We pretty much use the same commands everyone else has mentioned.
We also use 'slooow' with our seasoned, pony horse when I am ponying a young one and we're coming up on something new.


----------



## newhorsemom (Jun 20, 2008)

I use the same commands as well and my horse responds very well to them.


----------



## newhorsemom (Jun 20, 2008)

WARNING - MIL VENT! :twisted:

So I've been using similar commands as the other posters here and it works great. My horse has learned it somewhere along the line. I'm not super experienced but I'm learning as I go and we're figuring it out. My MIL gets so irritated because apparently the "real cue" to change a horses gate is "WHOOP!". She will make it clear - "USE WHOOP!". She'll even use it for me when I am lunging - you know, to be "helpful".

Thanks for letting me vent!!


----------



## G and K's Mom (Jan 11, 2008)

newhorsemom said:


> WARNING - MIL VENT! :twisted:
> 
> So I've been using similar commands as the other posters here and it works great. My horse has learned it somewhere along the line. I'm not super experienced but I'm learning as I go and we're figuring it out. My MIL gets so irritated because apparently the "real cue" to change a horses gate is "WHOOP!". She will make it clear - "USE WHOOP!". She'll even use it for me when I am lunging - you know, to be "helpful".
> 
> Thanks for letting me vent!!


So..... I figure it's going to take till around Feb or March of next year for DIL to show MIL the "real" meaning of Whoop!!!! :lol:

Gawd how do you stand it? I feel for you, really I do!


----------



## TwendeHaraka (Oct 5, 2008)

I only have a couple...
I talk to Twende a lot, haha, so he understands some hand movements when I'm on the ground.
While on the ground...
"Come here!" -...come. He'll walk right over.
"Whoa!" - Stop.
and then just random phrases and such that he has put to actions.

While on him...
"Back"
"Whoa"
and again, other phrases.

When I was younger, I rose a push-button horse for my lessons, and when I started cantering, I said, "WHOA" as in, whoa, this is cool, and the horse halted completely.

Twende isn't that good yet, ha, but he's really good with whoa.


----------



## newhorsemom (Jun 20, 2008)

G & K's Mom-
LOL, yeah, one of these day's her "WHOOP!" will come back at her...

She was even so kind to yell it across a pasture (about 150ft away) on Thanksgiving while my daughter was riding, to slow the horse down, you know, to be "helpful". (No, it didn't work and my dd did just fine on her own) 

And after reading these posts I'm wondering if anyone out there ever uses the "real cue" AKA - WHOOP! or even WHOOP! WHOOP!

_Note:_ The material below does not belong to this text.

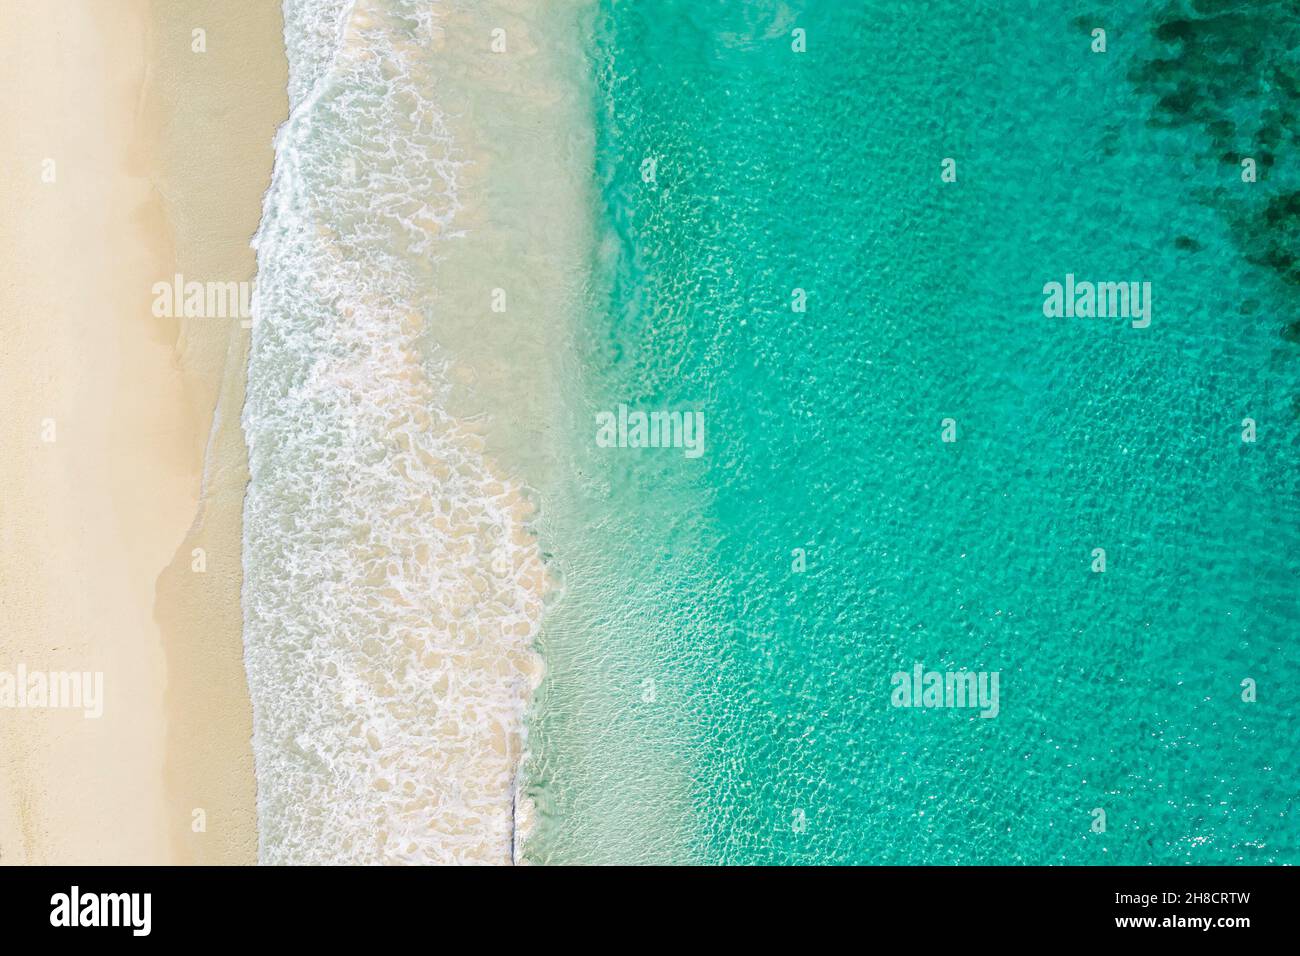 Vue aérienne du dessus de la plage de sable et de la mer bleue.Photo aérienne de la plage de rencontre de l'eau bleue de l'océan et des vagues mousseuse.Vue aérienne de dessus de plage vue aérienne au-dessus de la mer. Banque D'Images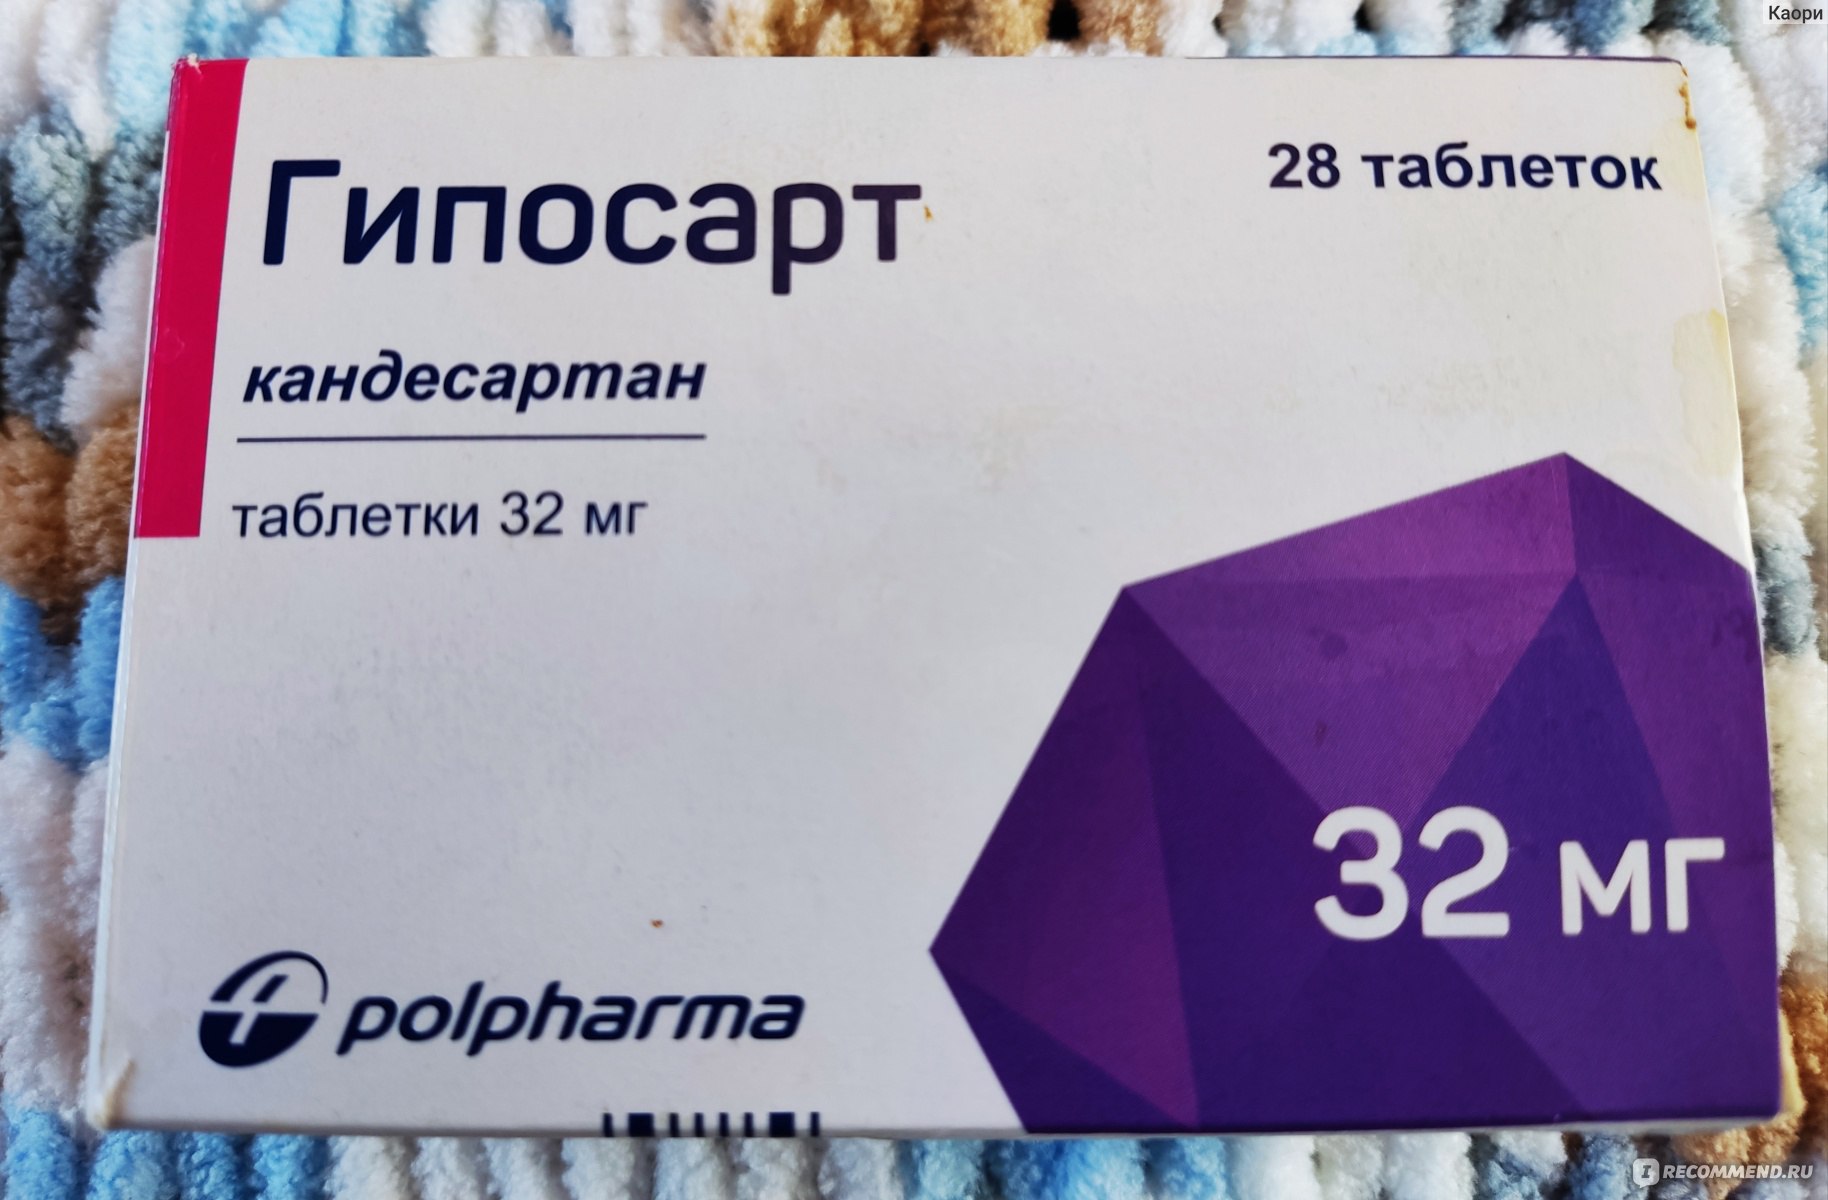 Таблетки Polpharma Гипосарт - «Очень хорошее лекарство от гипертонии .

WHOOP! Anyone?! WHOOP! Anyone? Anyone? :lol:


----------



## newhorsemom (Jun 20, 2008)

Seriously, does anyone use this cue (WHOOP!)? My MIL is adamant that this is the natural cue to use and it's what most serious trainers/horse people use. I actually tried when we first got our horse but it wasn't at all natural for me and my horse didn't respond to it anyway. I actually felt a little silly yelling "WHOOP! WHOOP!" to get the horse so slow down. It felt like something you'd say to get a horse to get going.

Does anyone here use it? Know of someone else using it? I'm just curious, that's all.

Thanks!


----------



## FGRanch (Feb 9, 2008)

I talk to my horse far to much! I would be here for the next year if I wrote them all out! But I use alot of the same as the OP cept Whoa means STOP only.


----------



## G and K's Mom (Jan 11, 2008)

newhorsemom said:


> Seriously, does anyone use this cue (WHOOP!)?
> Thanks!


It's really hard for me not to chuckle at this. I was out mucking around with one of mine the other night after I posted before and asked him to Woop.... LOL this is sort of the look I got...........










Seriously though, you can teach a horse any word you want for a specific cue as long as your consistent and always use that word for the same thing. That said I think your MIL is cracked when she says it's the MOST common cue. I've been around a lot of horsey people in my 51 years and it's a first for me.


----------



## newhorsemom (Jun 20, 2008)

That picture is the best!!! Thanks G&K - that made my day!

Yes, I'd agree that my MIL is a bit cracked! I think most of the time it's a control issue with her. Everything has to be done her way (she's really not a bad person, just irritating). She has more experience than I do so I often doubt myself - but I'm learning!!


----------